Wyoming was anointed the nation’s best college team after it defeated St. John’s University, the National Invitation Tournament champion, by 52-47 in overtime in a Red Cross fund-raising exhibition at the Garden on April 1, 1943. “The dynamic Ken Sailors,” as The Times put it, led the way again.
That year he married Marilynne Corbin, a cheerleader nicknamed Bokie, and then enlisted in the Marines and served in the South Pacific, where Bud was flying B-25 bombers. Discharged in 1945 with captain’s bars, Sailors, with a year of eligibility left, rejoined the Wyoming team mid-season and led it to a 22-4 record, earning his third all-American honour and a contract with the Cleveland Rebels of the Basketball Association of America.
The jump shot was still alien to the pros, and the Rebels’ coach, Dutch Dehnert, was sceptical. “You’ll never go in this league with that shot,” he told Sailors before benching him.
But Dehnert was soon gone in a coaching change, and Sailors, with his jump shot, returned to the line-up.
Professional stardom eluded him, though. In three seasons in the B.A.A. and two in its successor, the National Basketball Association, Sailors played mostly on losing teams, like the Providence Steamrollers in Rhode Island (where he signed an endorsement deal with Bennett’s Prune Juice, receiving all-you-can-drink cases of it as a bonus). He led the first incarnation of the Denver Nuggets in scoring one year and exploded for 37 points in a game with the Baltimore Bullets. He retired from professional basketball at 30.

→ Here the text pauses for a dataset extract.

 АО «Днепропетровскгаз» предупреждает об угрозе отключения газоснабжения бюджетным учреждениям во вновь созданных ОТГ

Sailors later bought a dude ranch in Jackson Hole, Wyoming. A Republican, he served a term in the Wyoming Legislature and lost bids for the United States House of Representatives and the Senate. With their children grown, Sailors and his wife sold the ranch to his brother in 1965, packed up and drove to Alaska, living at first in an Airstream trailer. They stayed for more than 30 years, moving to a log cabin overlooking the Copper River and then to a Tlingit village on Admiralty Island.
Sailors led hunting and fishing expeditions, coached youth basketball and taught high school history. After Marilynne Sailors developed Alzheimer’s disease, the couple moved to Idaho, following their daughter Linda, who had married.

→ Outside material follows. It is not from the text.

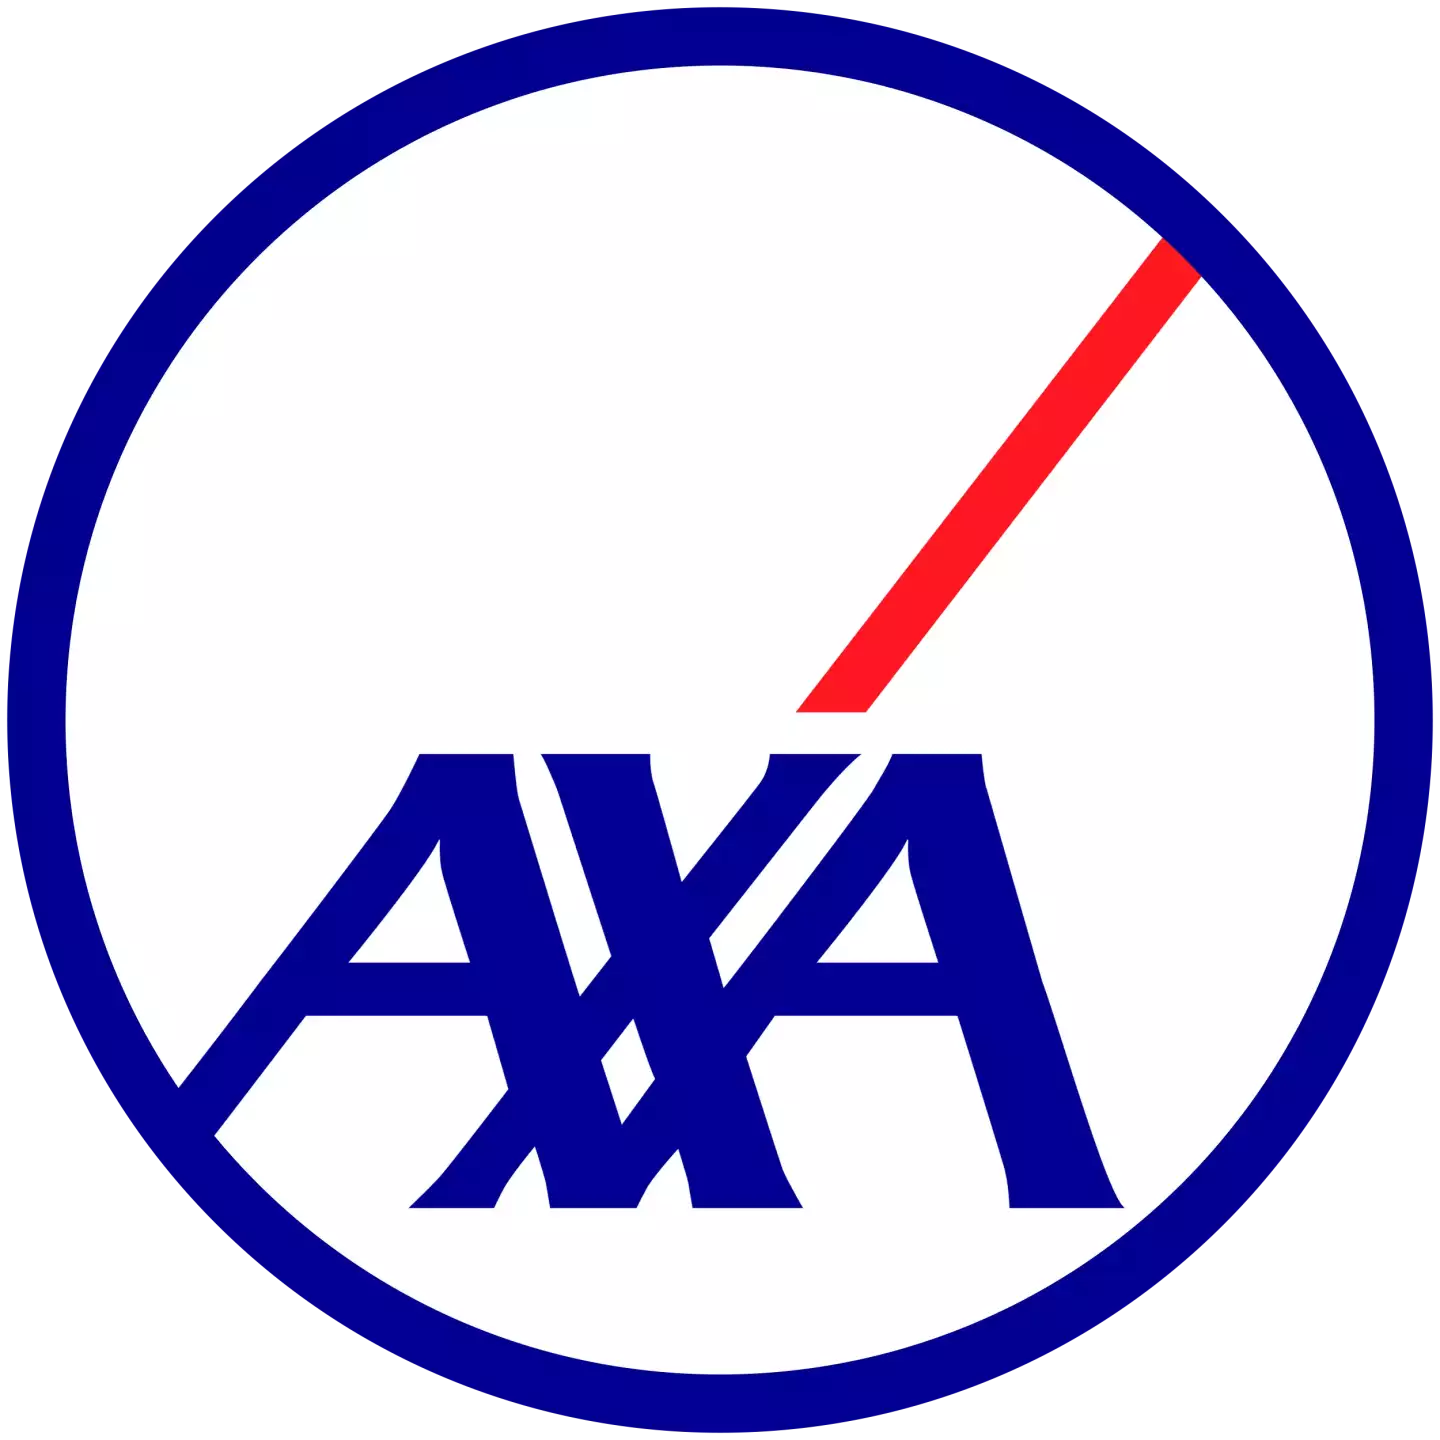 AXA Versicherung AG

Sailors’s wife died in 2002 after 59 years of marriage, and Linda Sailors Money died in 2012. Another daughter, Carie, died when she was 5.
Sailors’s death, in an assisted living centre, was announced by the University of Wyoming. He is survived by a son, Dan, as well as eight grandchildren, 12 great-grandchildren and one great-great-grandchild.

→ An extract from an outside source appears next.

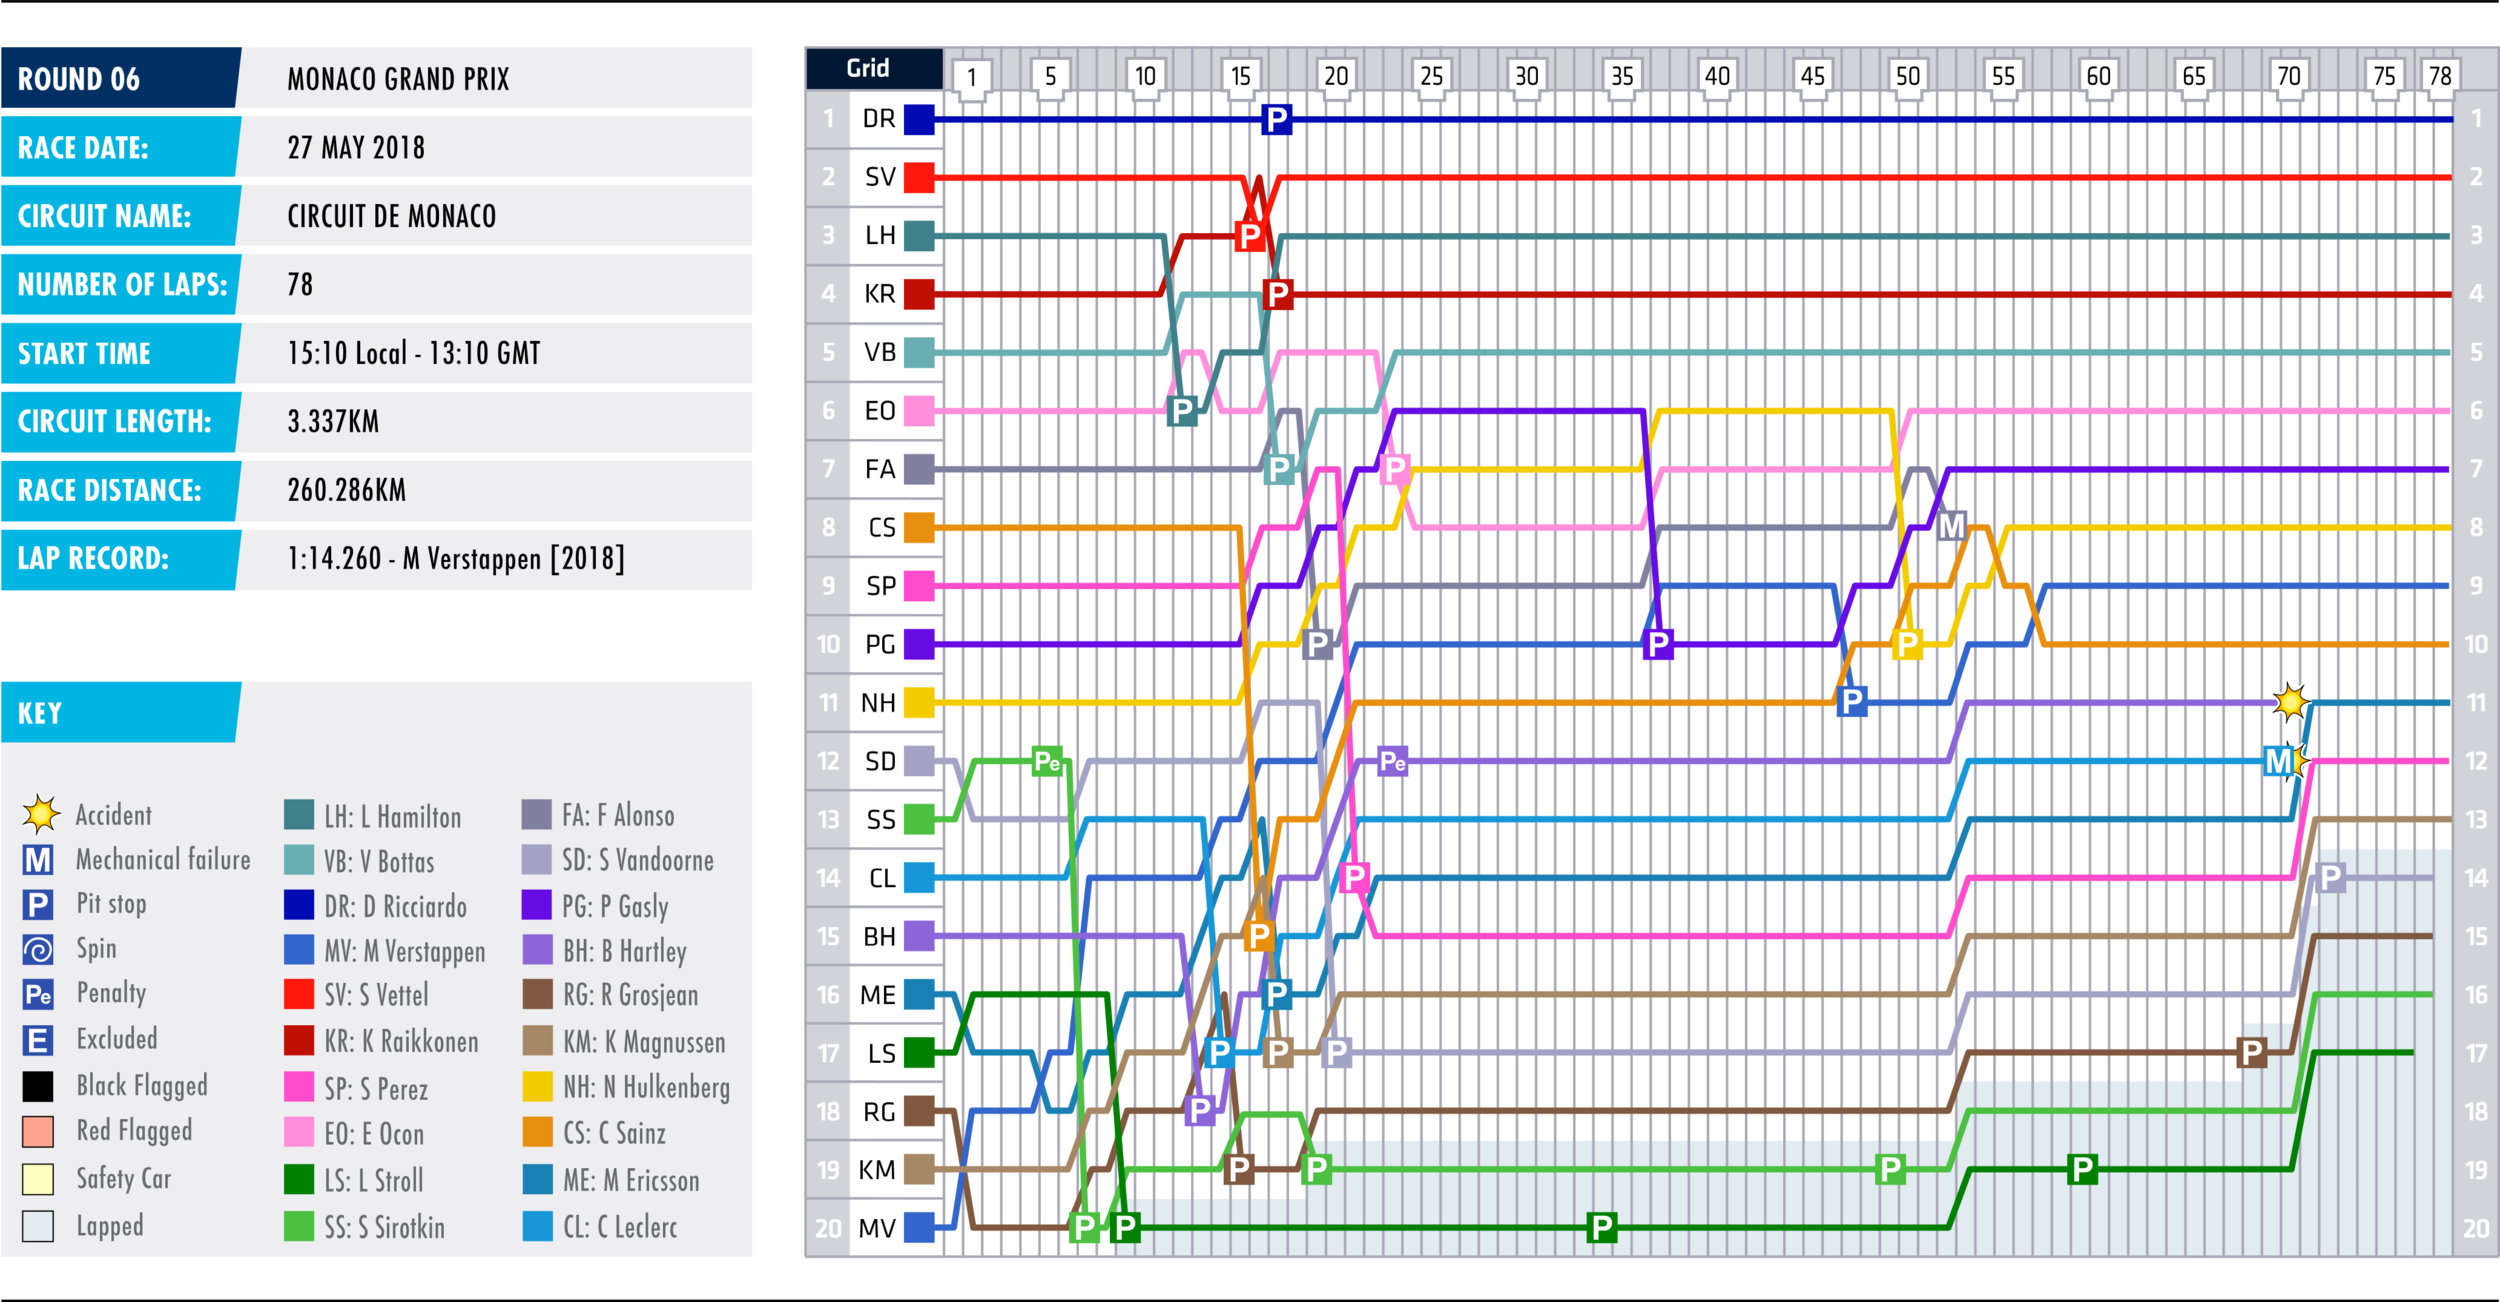  Lap Chart by FIA

After his wife’s death, Sailors moved back to Laramie and settled near the university as a living campus legend. Plans were afoot to erect a statue of him at the basketball arena’s entrance.
To the disappointment of his fans, the Naismith Memorial Basketball Hall of Fame in Springfield, Massachusetts, never inducted him. But the National Collegiate Basketball Hall of Fame did, in 2012, in a class that also included Patrick Ewing. Sailors joined Shelton, his coach at Wyoming, among the enshrined. Days afterwards, Wyoming honoured Sailors with a half-time ceremony during a game against Colorado. Overhead was a Gulliver-size Cowboys jersey hanging from the roof, its downy white trimmed in brown and gold and bearing Sailors’s name and number, 4.
It remains the only jersey suspended there, high above the court.